My first encounter with robotic process automation (RPA) dates to 2017. At the time, just like several others, I was skeptical of the technology, and everything it had to offer. Over the past two years, that notion has been turned on its head.
These days, every time I am presented with a business process driven primarily by humans, I tend to question whether we need to execute it.
How is RPA disruptive?
When we think of robots, we typically think of mechanical ‘beings’ that can be created to perform repetitive, laborious tasks instead of humans. RPA offers a similar capability at a software level, allowing us to create bots that can mimic human activity on computer applications.
To me, one of the biggest advantages of RPA is, it is completely non-invasive to the underlying system landscape. Each robot within the RPA framework is designed to require the same access and controls as a normal human user and performs a set of predefined tasks via the same user interface. This means that many RPA solutions can be implemented on a plug-and-play basis, helping you disrupt your market without disrupting operations.
Another benefit of using RPA is that the components are very easy to re-design, develop, and scale as the underlying processes change. In fact, it is faster and more cost-effective than retraining human users.
Examples of how RPA can be effectively used in life sciences include faster data processing during clinical trials, improved pharmacovigilance by accurately capturing data, improved compliance through automated and standardized regulatory processes.
Within the life sciences domain, RPA has several potential use cases, including:
● Lifting several thousand documents each month from various sources (such as mailboxes, file shares, and other business applications) and loading them onto a web-based portal for reporting and archival purposes, while performing quality checks on the artefacts as they are being processed.
● Supplementing manual users with automated outputs generated by bots for processing case data within an application that maintains safety information for the sponsor’s products (pharmaceuticals, vaccines, devices, etc.).

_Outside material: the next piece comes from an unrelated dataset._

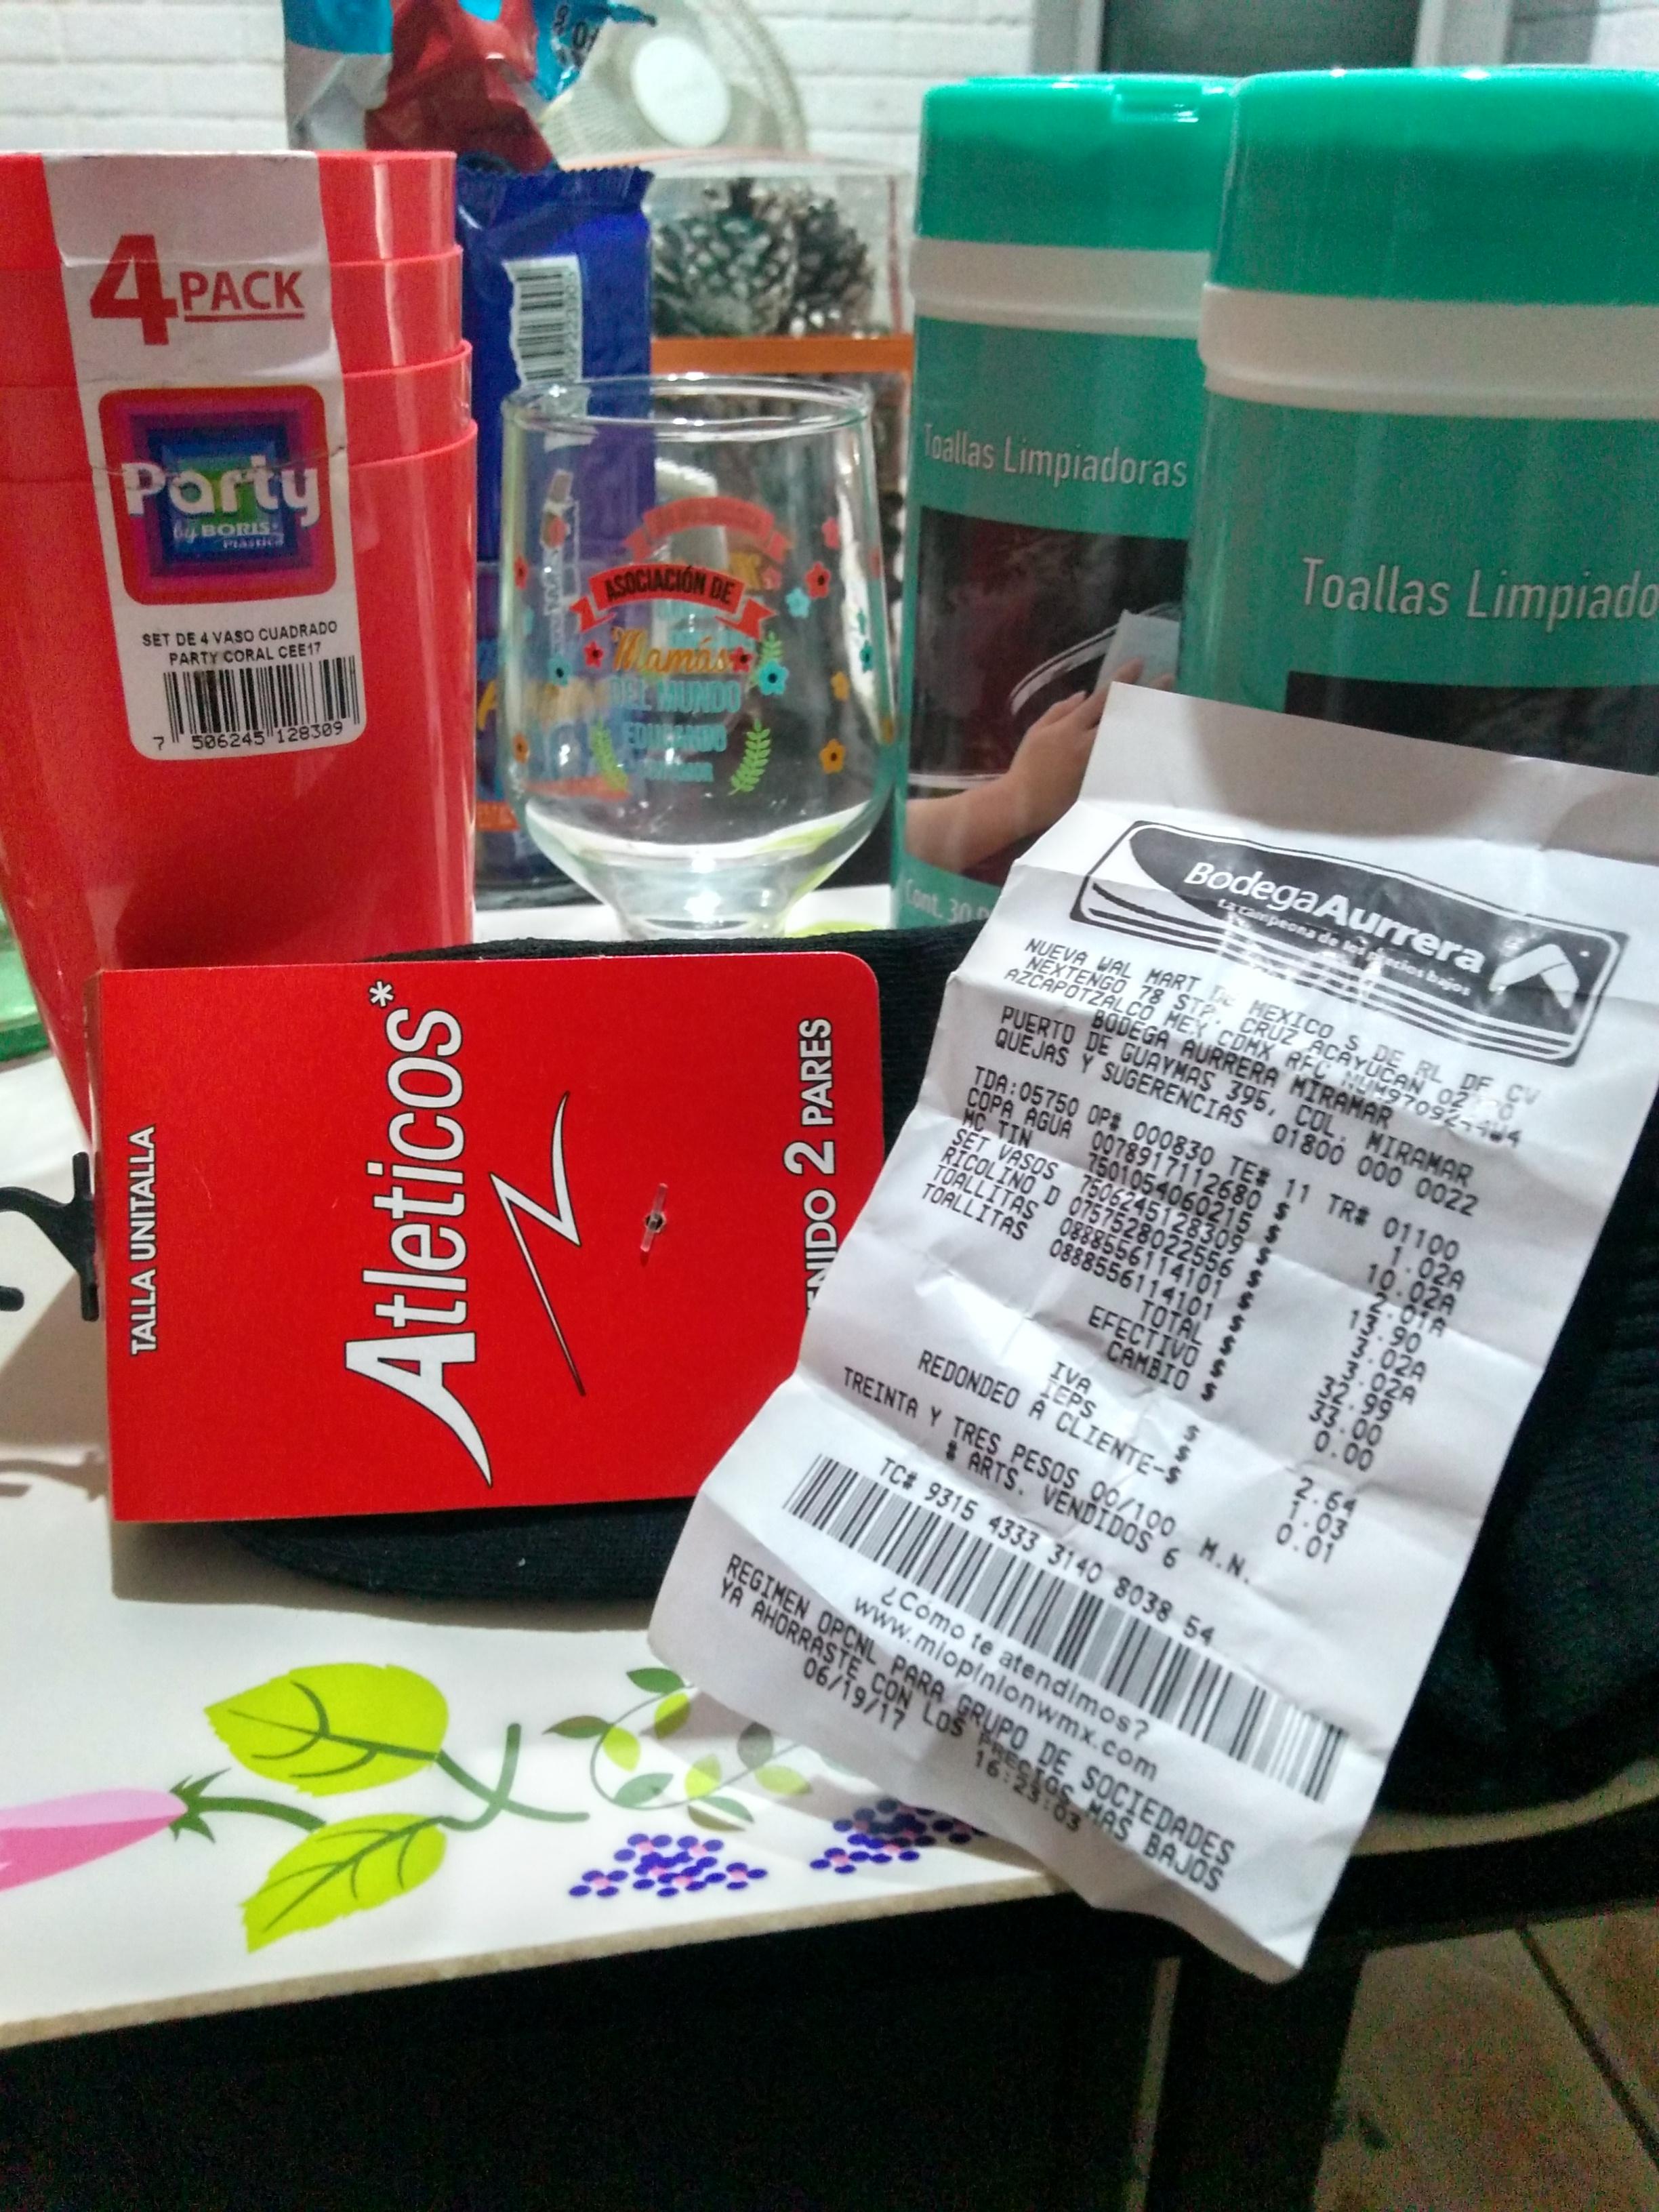 Bodega Aurrerá Miramar en Zapopan jalisco: empecemos otra semana de cosa baratita (ej. Set de Vasos a $2.01)

Each of the above examples led to significant cost savings, increased efficiencies and improved quality in the process resulting in savings of hundreds of thousands of pounds per year for the sponsor.
While these benefits may seem extraordinary, I have learned the hard way that it is crucial to spend enough time analyzing the nitty-gritty of the processes being automated. In my experience, you can gain maximum efficiency with RPA if you start small and build your capabilities as your needs grow. The key is to not try and overachieve.

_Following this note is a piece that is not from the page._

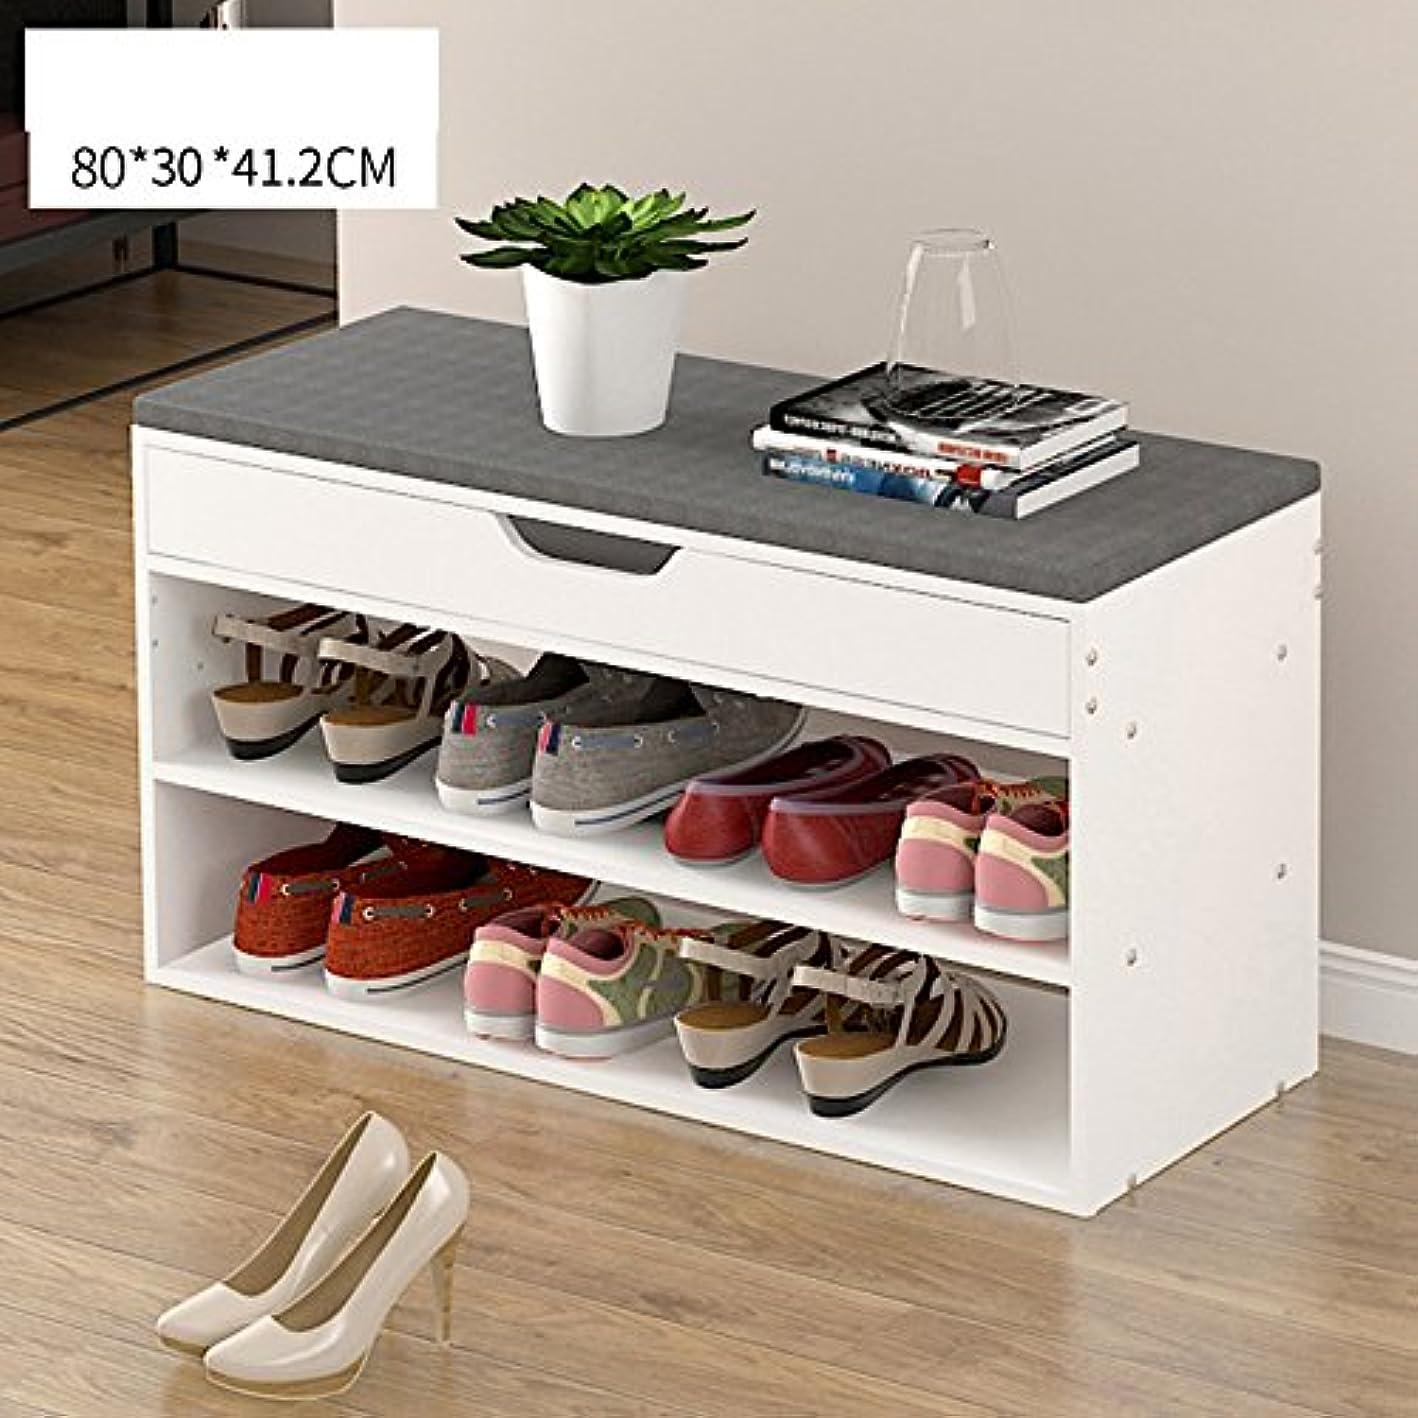 ZHIRONG Shoe Bench Modern Simple Shoe Rack Multifunction Storage Stool Organizer Sofa Stool Bench 803141cm

The evolving role of the human employee
Many tech pundits have pegged RPA as doomsday technology from an economic perspective, citing mass job losses and subsequently loss of relevance for skilled human workers. Today, we know these claims are far from the truth. Several new opportunities are arising from RPA as well, and just like any other industry disruptor, it simply forces humans to re-invent themselves in ways they have not foreseen.
Now, naturally RPA in its direct application is replacing humans in the literal sense, but over the long term, I see it more as an enabler that can relieve individuals from performing tedious, repetitive tasks that require very little thinking. This freedom from busywork allows life sciences organizations to devote more human resources to high-level tasks which require creativity and critical thinking. In short, RPA gives us all the bandwidth to effect more valuable changes throughout the enterprise.
The biggest threat to RPA
Armed with RPA, I started to realign resource-intensive processes to minimize the human capital involved. The journey was not without challenges, one of the most prominent being a stubborn resistance to change and technology adoption. This is especially true when automating tasks that have regulatory agencies as key stakeholders.
When I initially began implementing RPA, several stakeholder groups required convincing that the technology could streamline processes, ranging from capabilities to compliance. The business community was often the first to get on board as they are the direct beneficiaries of business process automation, but the technical community always had several other ideas. These ranged from process improvements to enhancing data quality to more intuitive integrations between systems.
The way forward
To conclude, though I have barely scratched the surface here, RPA technology has a lot to offer and can expand the potential of automation. We are no longer limited to devising smarter excel macros and VBA scripts but can automate huge swathes of resource-intensive administrative and data processing work.
Regardless of RPA’s future in the life sciences industry, it is undoubtedly one of the more valuable dimensions of digital transformation. Implementing RPA should be the goal of the life sciences industry, and not merely left to individual enterprises.